问题是输入文件没有按照 XML 解析器认为的方式编码,因此 XML 解析器对字符的解码不正确。检查输入 XML 文件是否有声明编码的 XML 声明,并检查行首的项目符号字符是否按应有的方式实际编码。

像 Oxygen 这样好的 XML 编辑器应该可以帮助您解决这个问题。

当然,一旦你发现编码问题到底是什么,你需要调查它是如何发生的,并确保它不会再次发生。

(顺便说一下,是ascii不是ascaii,你看到的字符都是非ASCII字符,在处理字符编码问题的时候,一定要精确。

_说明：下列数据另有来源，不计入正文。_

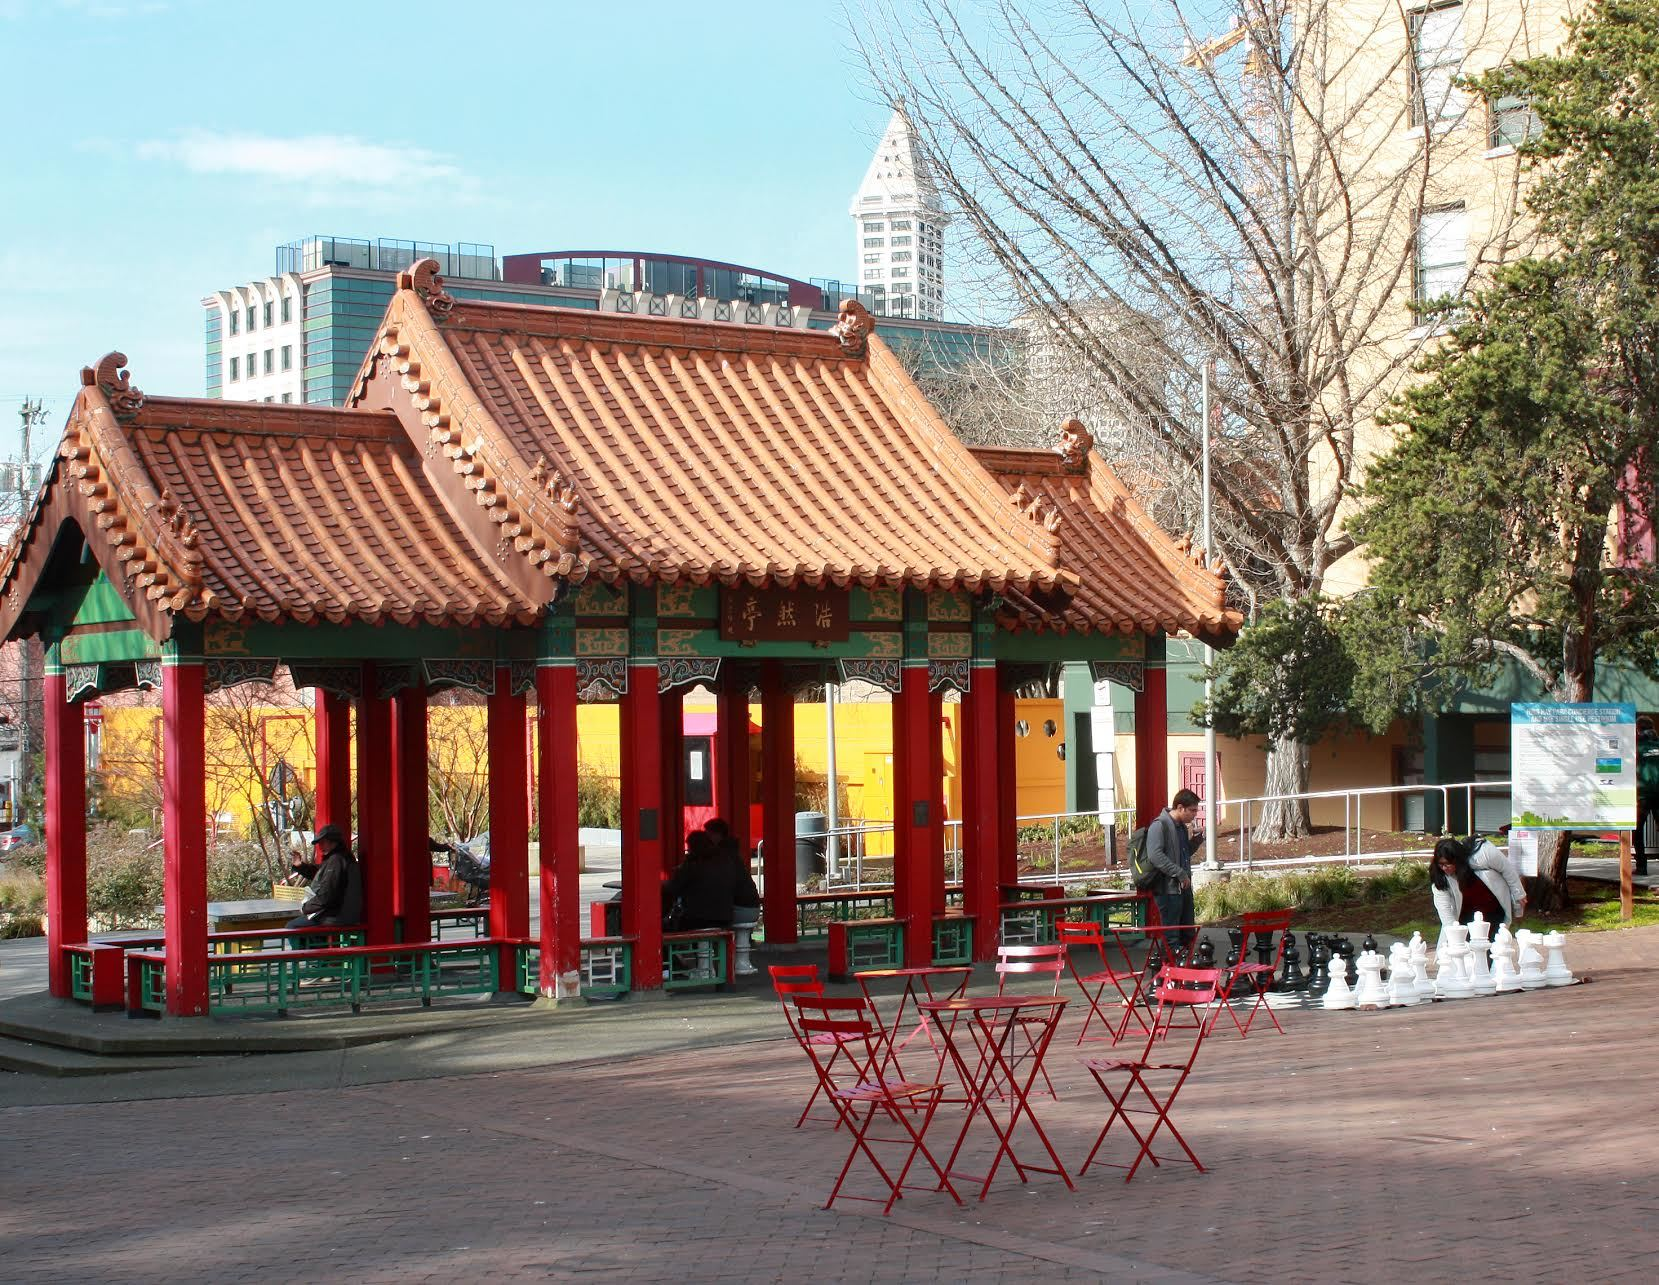 Seattle Chinatown-International District

)

如果您有一个带有 Unicode 字符的 Java 字符串,而不是将它们提供给 XML parser/JAXP 转换器的正确方法是 StreamSource 而不是 StringReaderStreamSource src = new StreamSource(new StringReader(xml));。 您还没有展示如何构造字符串 xml,但是一旦您有了带有字符的字符串,就可以使用 StringReader。

当然,如果您有一个文件,请在 FileInputStream 上使用 StreamSource,所有猜测编码和手动解码的尝试都是不必要的并且容易出错,XML 解析器通常很漂亮擅长检测基于XML声明的编码并根据需要进行解码。

由于您还需要一个 String 作为转换结果,因此我还建议您使用 StreamResult 而不是 StringWriter。